Here I implement the dynamics for a single panmictic deme. Eventually, the goal is to connect multiple demes by migration (see below), but we first consider the dynamics within one such panmictic unit.

First let's load some packages

using Printf, Plots, Literate
default(framestyle=:box, gridstyle=:dot, guidefont=9, titlefont=9, title_loc=:left)

Node within a Deme, represents a single subpopulation of a particular fixed cytotype.

struct Node{T}
    ploidy    :: Int
    viability :: Vector{T}  # genotype fitnesses
    fertility :: Vector{T}  # frequency of haploid and diploid gametes produced
    genotypes :: Vector{T}  # the frequencies for the five possible gametes

Make a new node from an old one but with a different genetic constitution g

update_node(n::Node, g) = Node(n.ploidy, n.viability, n.fertility, g)
Note that the sum of the fertility vector gives the fertility of an individual in that node, hence the name.

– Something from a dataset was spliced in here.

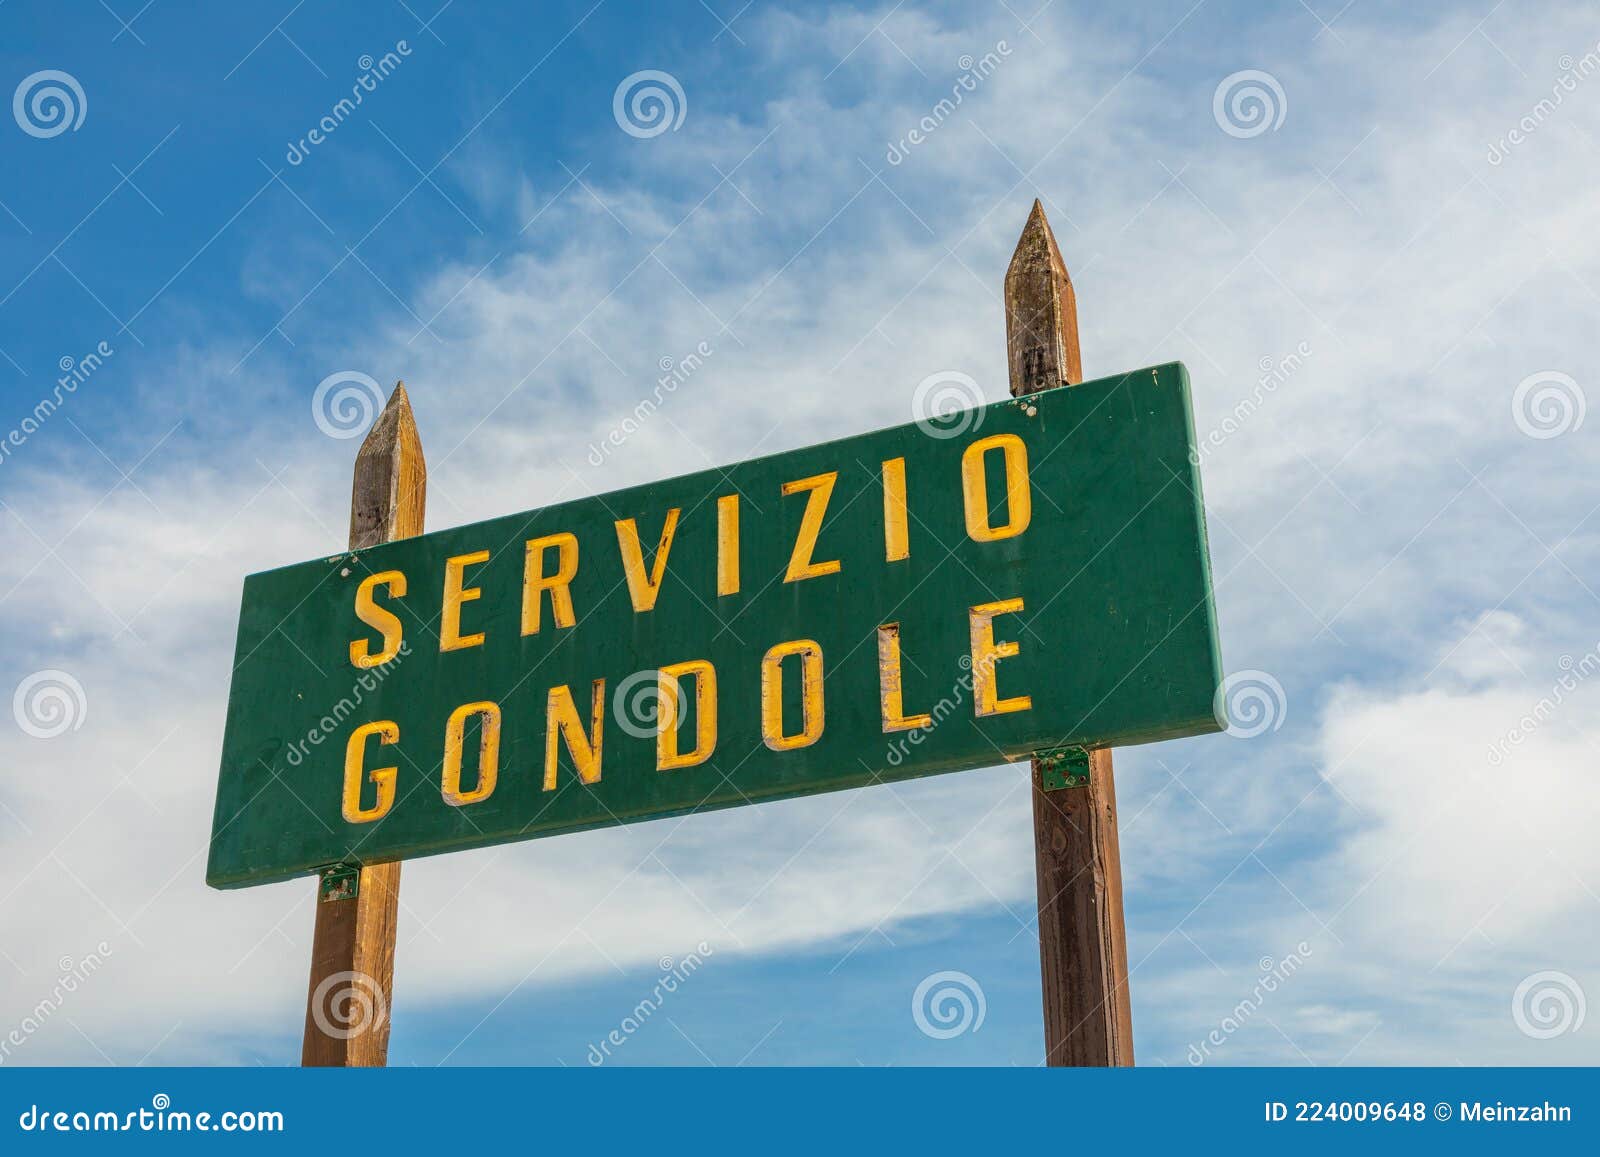 stop sign for gondolas and entering point - servicio gondole - gondola service

Here's an example of a node:

node_diploid  = Node(2, ones(3), [0.95, 0.05], [0.35, 0.05, 0.6])
Main.var"##663".Node{Float64}(2, [1.0, 1.0, 1.0], [0.95, 0.05], [0.35, 0.05, 0.6])

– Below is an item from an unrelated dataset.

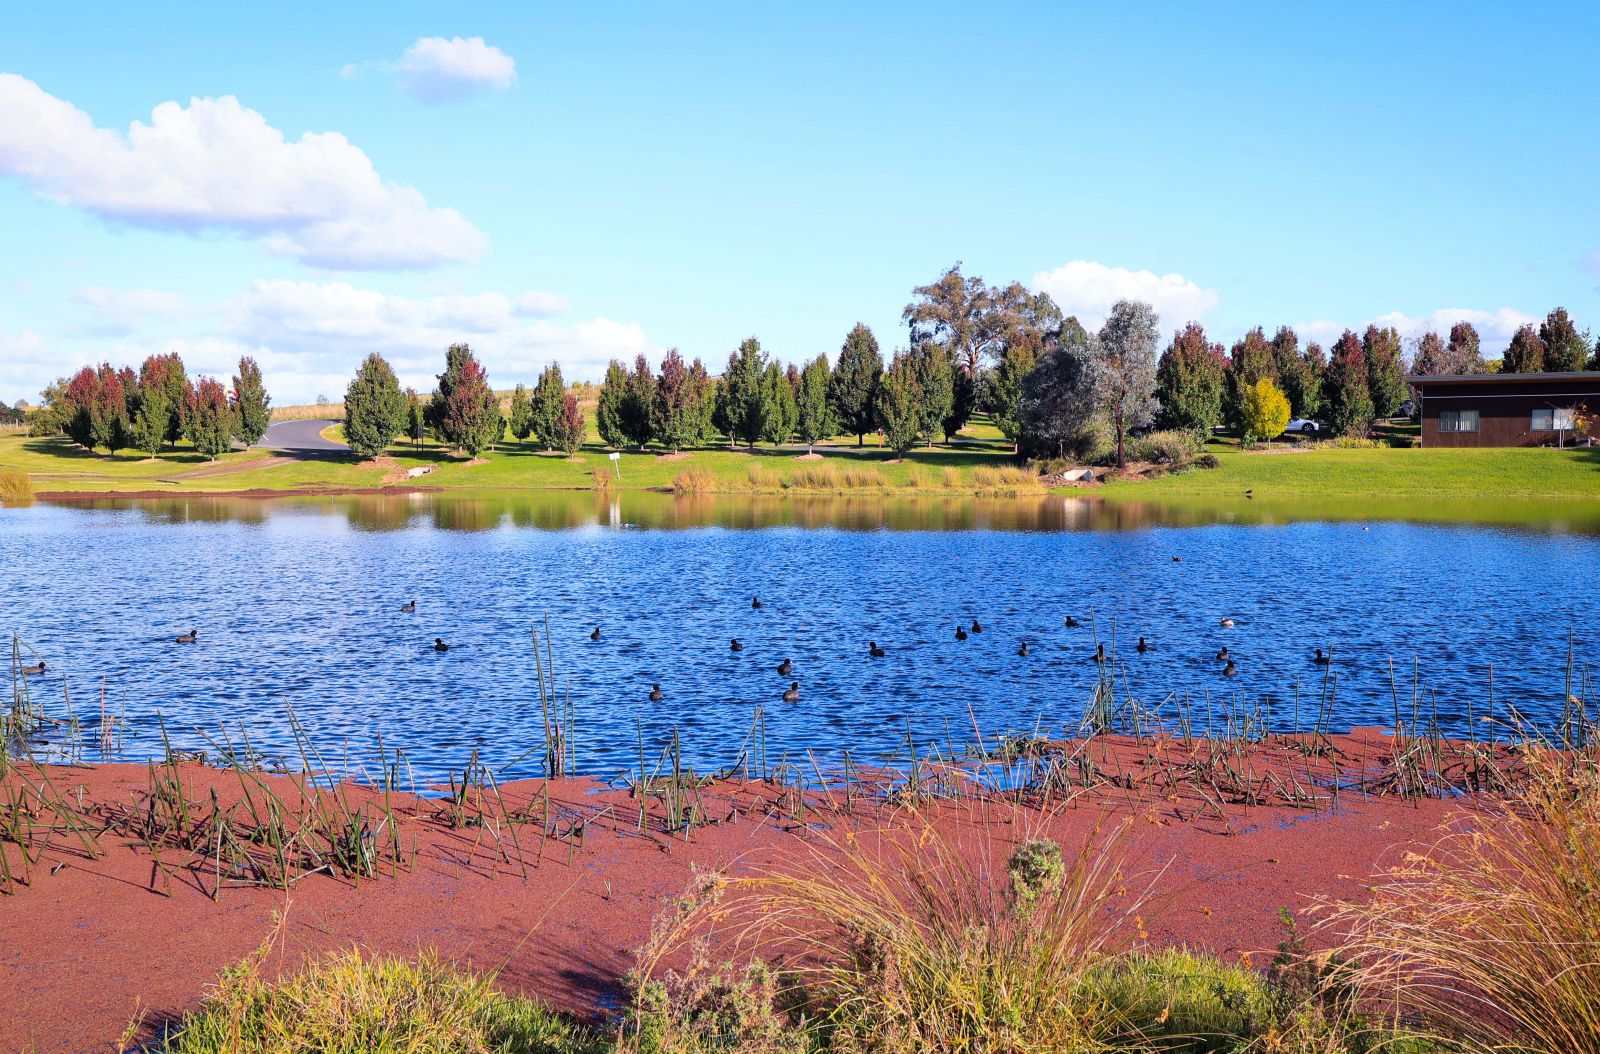 … và nông trại có cả hồ nước nhỏ, chứa đủ nước để trồng cỏ và du khách có cơ hội ngắm những chú sâm cầm tung tăng trên mặt nước…

This represents a diploid subpopulation, where all three genotypes have equal fitness (ones(3) == [1, 1, 1]), where each gamete is haploid with probabili 0.95 and diploid else, and where the initial genotype frequencies are 0.35, 0.05 and 0.6 for genotypes 00, 01, and 11 respectively.

A deme is a panmictic unit, i.e. all nodes contribute gamete to one gamete pool according to their respective proportion in the deme and gamete production table.

struct Deme{T}
    nodes       :: Vector{Node{T}}
    proportions :: Vector{T}
    meanfitness :: T

Constructor for if we don't know mean fitness...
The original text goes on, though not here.